EXERCISE BRIEF
Please restate the data below word for word, omitting all images.

INFORMATION SHOWN
═══

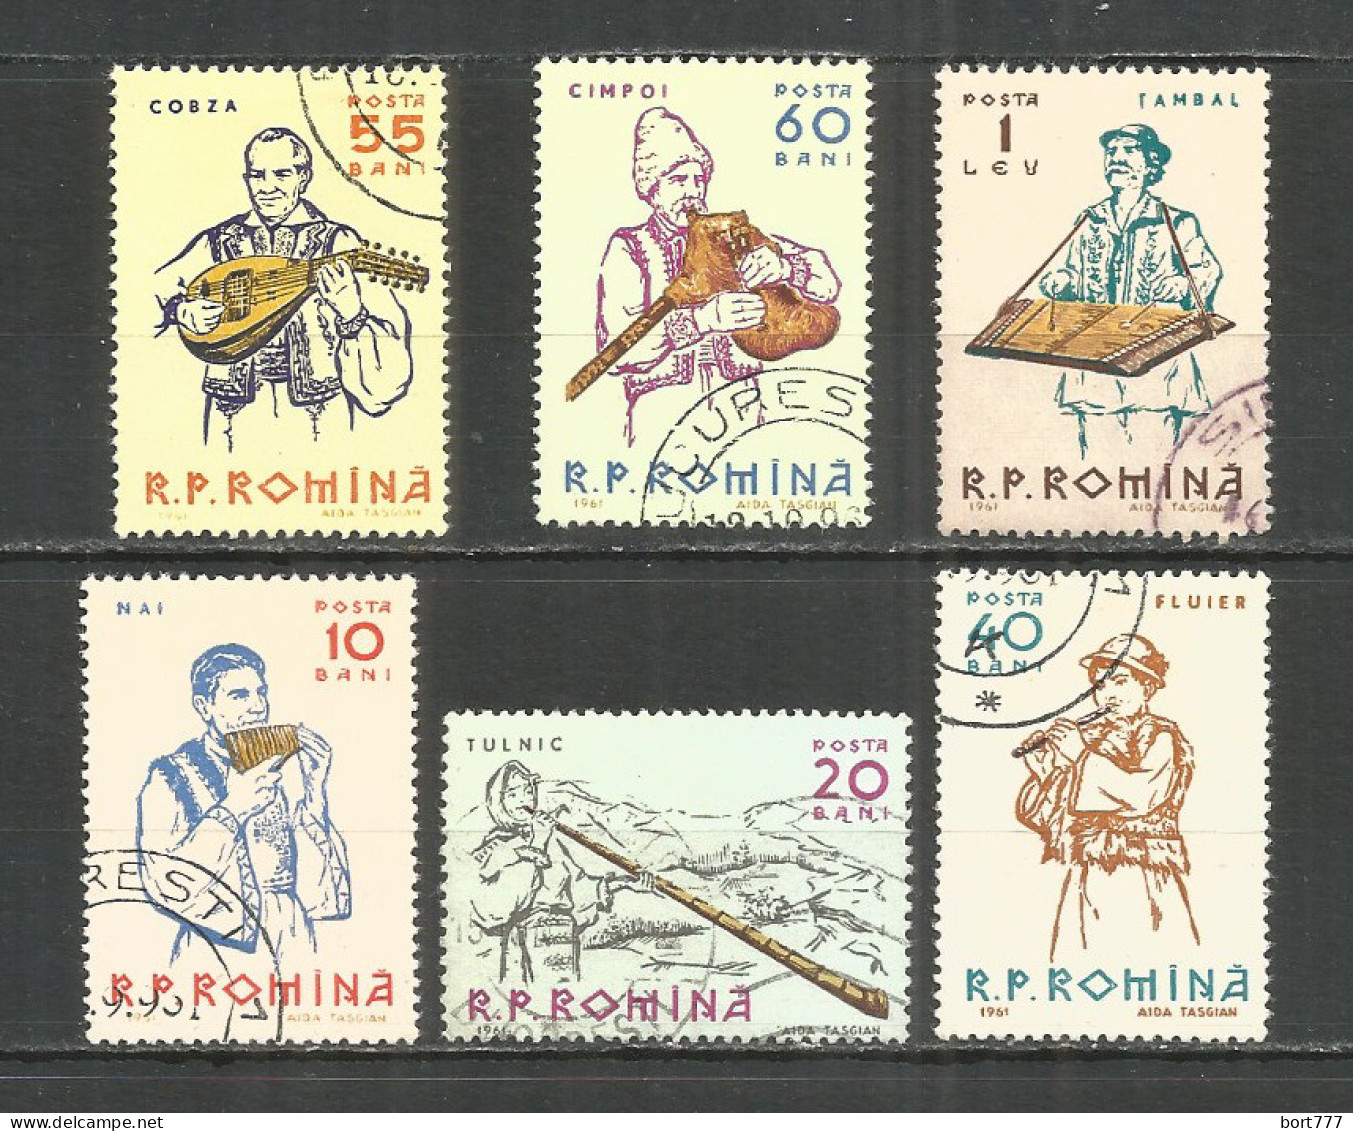 Romania 1961 Used Stamps Set  - Usati
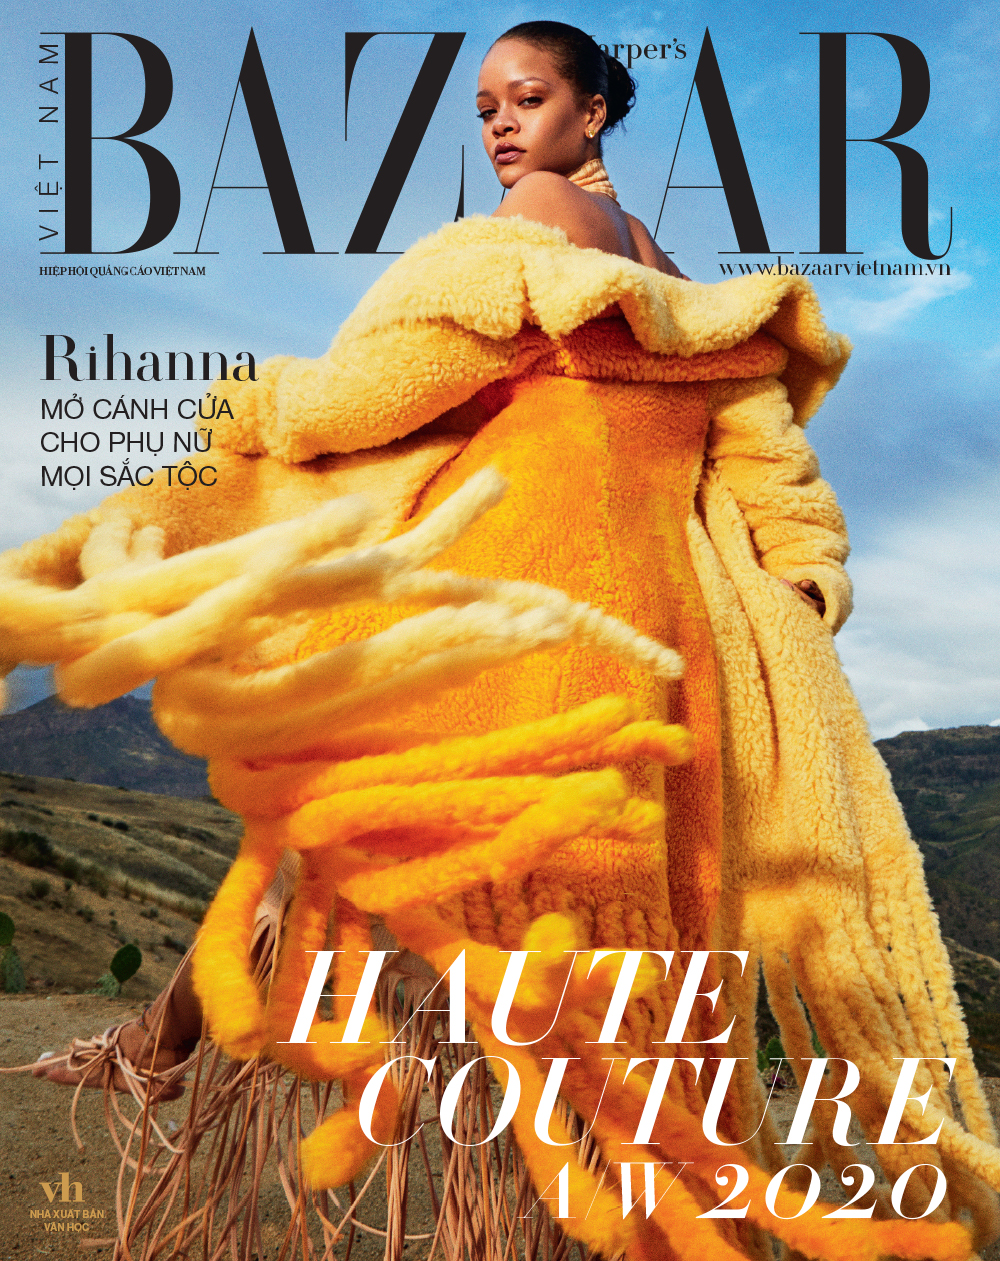 HBVN 9 20 Rihanna Cover
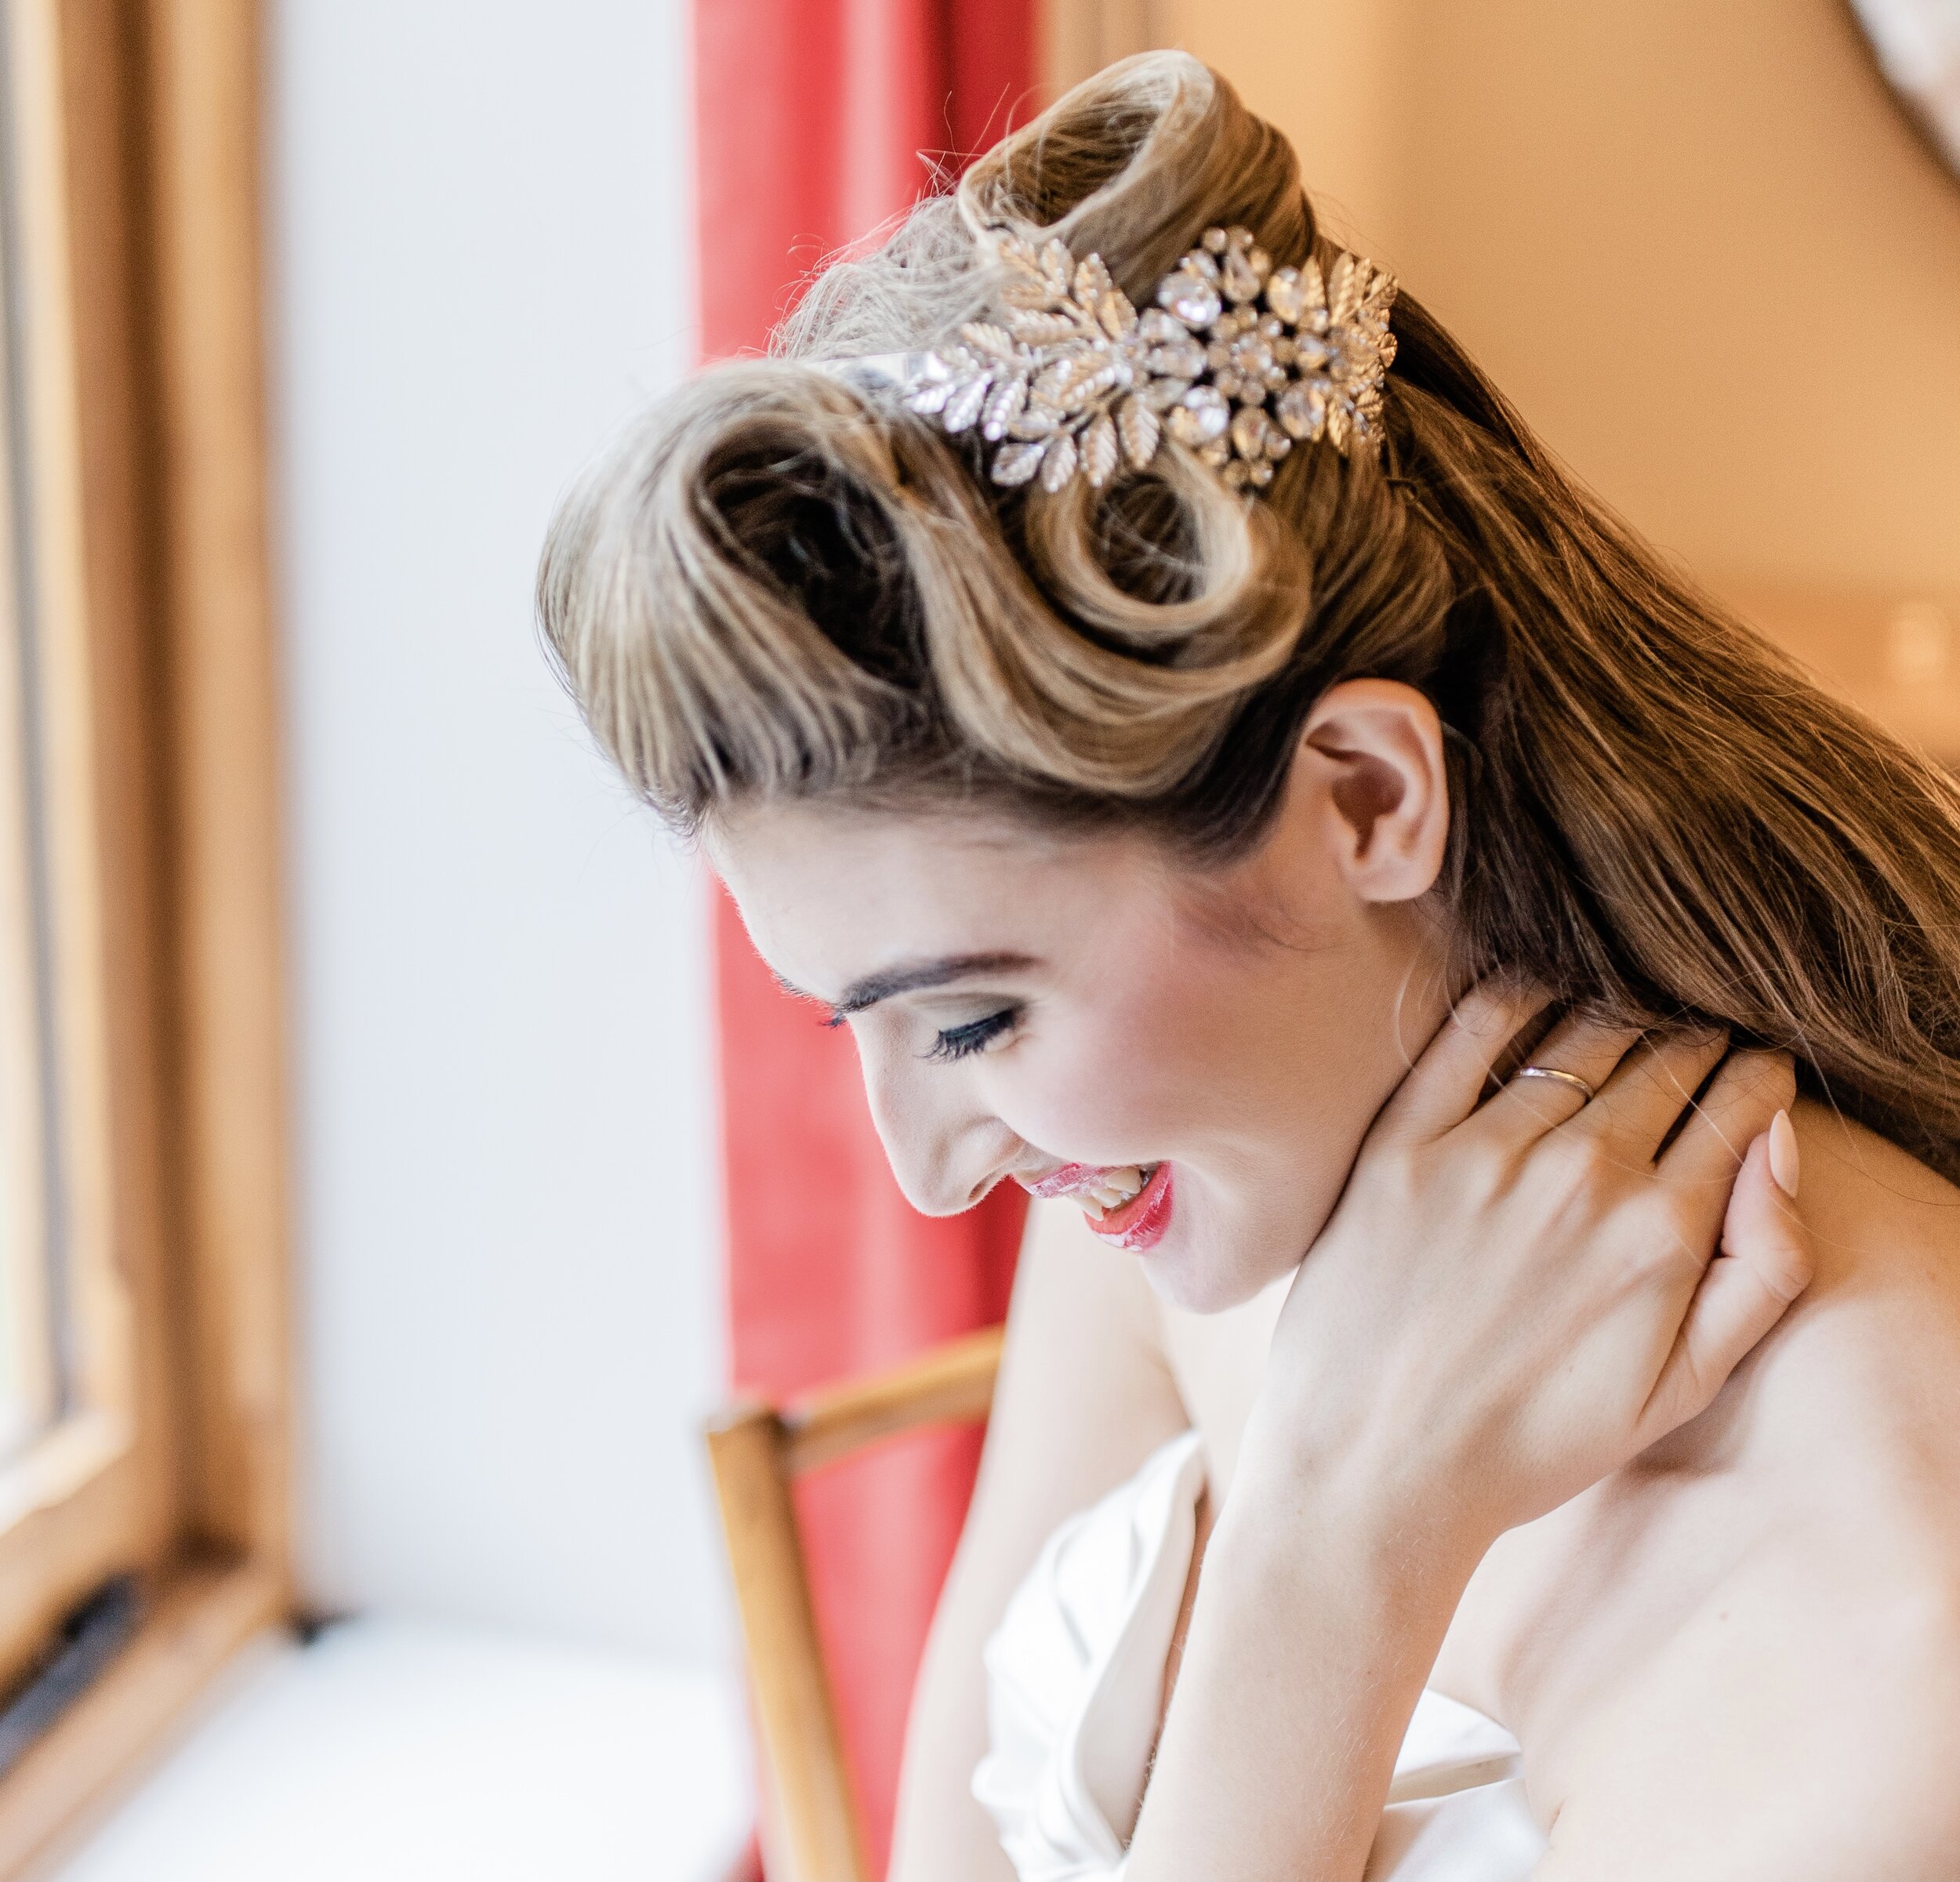 Bridal hairstyle with tiara - YouTube

═══

WRITTEN ANSWER
 Romania 1961 Used Stamps Set  - Usati
 HBVN 9 20 Rihanna Cover
 Bridal hairstyle with tiara - YouTube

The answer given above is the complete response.